▶ _Task objective_
Each line below should be quoted exactly, please.

▶ _Information shown_
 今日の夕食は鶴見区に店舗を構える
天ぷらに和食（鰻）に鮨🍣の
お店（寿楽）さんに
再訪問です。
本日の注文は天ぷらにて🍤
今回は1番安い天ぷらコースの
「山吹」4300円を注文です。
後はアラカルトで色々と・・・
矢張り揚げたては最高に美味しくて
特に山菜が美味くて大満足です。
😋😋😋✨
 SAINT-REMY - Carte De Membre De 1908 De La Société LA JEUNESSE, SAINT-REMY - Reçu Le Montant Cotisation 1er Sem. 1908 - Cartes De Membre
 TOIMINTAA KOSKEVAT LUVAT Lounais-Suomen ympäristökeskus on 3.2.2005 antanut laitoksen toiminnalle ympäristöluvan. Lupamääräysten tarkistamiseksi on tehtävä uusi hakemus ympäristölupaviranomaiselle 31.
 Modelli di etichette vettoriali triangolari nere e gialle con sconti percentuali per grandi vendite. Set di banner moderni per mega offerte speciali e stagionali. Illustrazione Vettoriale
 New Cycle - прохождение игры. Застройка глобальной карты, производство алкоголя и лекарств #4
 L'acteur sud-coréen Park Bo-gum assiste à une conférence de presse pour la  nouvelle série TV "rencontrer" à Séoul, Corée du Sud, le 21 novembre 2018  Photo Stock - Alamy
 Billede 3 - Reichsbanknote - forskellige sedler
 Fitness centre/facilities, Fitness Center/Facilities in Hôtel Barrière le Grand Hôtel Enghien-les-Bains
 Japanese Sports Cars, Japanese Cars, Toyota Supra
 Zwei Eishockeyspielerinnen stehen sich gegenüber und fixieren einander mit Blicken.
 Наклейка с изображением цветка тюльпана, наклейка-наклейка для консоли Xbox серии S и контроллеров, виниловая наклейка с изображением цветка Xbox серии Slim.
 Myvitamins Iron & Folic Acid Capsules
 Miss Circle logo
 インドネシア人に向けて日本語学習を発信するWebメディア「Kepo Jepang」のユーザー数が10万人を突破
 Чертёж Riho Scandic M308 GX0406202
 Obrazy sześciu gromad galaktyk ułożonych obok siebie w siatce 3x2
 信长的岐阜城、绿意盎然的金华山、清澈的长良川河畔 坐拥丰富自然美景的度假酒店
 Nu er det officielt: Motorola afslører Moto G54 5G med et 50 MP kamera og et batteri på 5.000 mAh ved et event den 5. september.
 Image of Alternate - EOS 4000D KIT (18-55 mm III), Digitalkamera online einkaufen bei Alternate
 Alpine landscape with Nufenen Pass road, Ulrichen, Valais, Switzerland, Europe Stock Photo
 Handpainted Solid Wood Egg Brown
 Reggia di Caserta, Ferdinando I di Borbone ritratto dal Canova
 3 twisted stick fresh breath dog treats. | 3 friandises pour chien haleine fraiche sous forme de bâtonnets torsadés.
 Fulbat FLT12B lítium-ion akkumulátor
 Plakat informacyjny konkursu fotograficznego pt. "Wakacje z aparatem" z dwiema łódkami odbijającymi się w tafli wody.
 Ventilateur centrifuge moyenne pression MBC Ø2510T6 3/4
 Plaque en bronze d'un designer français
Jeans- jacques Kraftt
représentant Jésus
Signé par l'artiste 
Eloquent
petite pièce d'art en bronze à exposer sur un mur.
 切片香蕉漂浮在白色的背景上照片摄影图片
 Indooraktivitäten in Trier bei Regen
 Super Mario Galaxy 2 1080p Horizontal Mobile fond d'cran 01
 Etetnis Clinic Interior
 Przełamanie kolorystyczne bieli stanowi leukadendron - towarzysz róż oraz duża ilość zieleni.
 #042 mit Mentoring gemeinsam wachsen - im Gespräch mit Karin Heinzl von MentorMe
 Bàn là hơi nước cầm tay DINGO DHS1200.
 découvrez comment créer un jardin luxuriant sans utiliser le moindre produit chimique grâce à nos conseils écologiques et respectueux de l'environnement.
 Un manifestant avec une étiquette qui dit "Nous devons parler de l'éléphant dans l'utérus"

▶ _Exercise result_
 今日の夕食は鶴見区に店舗を構える
天ぷらに和食（鰻）に鮨🍣の
お店（寿楽）さんに
再訪問です。
本日の注文は天ぷらにて🍤
今回は1番安い天ぷらコースの
「山吹」4300円を注文です。
後はアラカルトで色々と・・・
矢張り揚げたては最高に美味しくて
特に山菜が美味くて大満足です。
😋😋😋✨
 SAINT-REMY - Carte De Membre De 1908 De La Société LA JEUNESSE, SAINT-REMY - Reçu Le Montant Cotisation 1er Sem. 1908 - Cartes De Membre
 TOIMINTAA KOSKEVAT LUVAT Lounais-Suomen ympäristökeskus on 3.2.2005 antanut laitoksen toiminnalle ympäristöluvan. Lupamääräysten tarkistamiseksi on tehtävä uusi hakemus ympäristölupaviranomaiselle 31.
 Modelli di etichette vettoriali triangolari nere e gialle con sconti percentuali per grandi vendite. Set di banner moderni per mega offerte speciali e stagionali. Illustrazione Vettoriale
 New Cycle - прохождение игры. Застройка глобальной карты, производство алкоголя и лекарств #4
 L'acteur sud-coréen Park Bo-gum assiste à une conférence de presse pour la  nouvelle série TV "rencontrer" à Séoul, Corée du Sud, le 21 novembre 2018  Photo Stock - Alamy
 Billede 3 - Reichsbanknote - forskellige sedler
 Fitness centre/facilities, Fitness Center/Facilities in Hôtel Barrière le Grand Hôtel Enghien-les-Bains
 Japanese Sports Cars, Japanese Cars, Toyota Supra
 Zwei Eishockeyspielerinnen stehen sich gegenüber und fixieren einander mit Blicken.
 Наклейка с изображением цветка тюльпана, наклейка-наклейка для консоли Xbox серии S и контроллеров, виниловая наклейка с изображением цветка Xbox серии Slim.
 Myvitamins Iron & Folic Acid Capsules
 Miss Circle logo
 インドネシア人に向けて日本語学習を発信するWebメディア「Kepo Jepang」のユーザー数が10万人を突破
 Чертёж Riho Scandic M308 GX0406202
 Obrazy sześciu gromad galaktyk ułożonych obok siebie w siatce 3x2
 信长的岐阜城、绿意盎然的金华山、清澈的长良川河畔 坐拥丰富自然美景的度假酒店
 Nu er det officielt: Motorola afslører Moto G54 5G med et 50 MP kamera og et batteri på 5.000 mAh ved et event den 5. september.
 Image of Alternate - EOS 4000D KIT (18-55 mm III), Digitalkamera online einkaufen bei Alternate
 Alpine landscape with Nufenen Pass road, Ulrichen, Valais, Switzerland, Europe Stock Photo
 Handpainted Solid Wood Egg Brown
 Reggia di Caserta, Ferdinando I di Borbone ritratto dal Canova
 3 twisted stick fresh breath dog treats. | 3 friandises pour chien haleine fraiche sous forme de bâtonnets torsadés.
 Fulbat FLT12B lítium-ion akkumulátor
 Plakat informacyjny konkursu fotograficznego pt. "Wakacje z aparatem" z dwiema łódkami odbijającymi się w tafli wody.
 Ventilateur centrifuge moyenne pression MBC Ø2510T6 3/4
 Plaque en bronze d'un designer français
Jeans- jacques Kraftt
représentant Jésus
Signé par l'artiste 
Eloquent
petite pièce d'art en bronze à exposer sur un mur.
 切片香蕉漂浮在白色的背景上照片摄影图片
 Indooraktivitäten in Trier bei Regen
 Super Mario Galaxy 2 1080p Horizontal Mobile fond d'cran 01
 Etetnis Clinic Interior
 Przełamanie kolorystyczne bieli stanowi leukadendron - towarzysz róż oraz duża ilość zieleni.
 #042 mit Mentoring gemeinsam wachsen - im Gespräch mit Karin Heinzl von MentorMe
 Bàn là hơi nước cầm tay DINGO DHS1200.
 découvrez comment créer un jardin luxuriant sans utiliser le moindre produit chimique grâce à nos conseils écologiques et respectueux de l'environnement.
 Un manifestant avec une étiquette qui dit "Nous devons parler de l'éléphant dans l'utérus"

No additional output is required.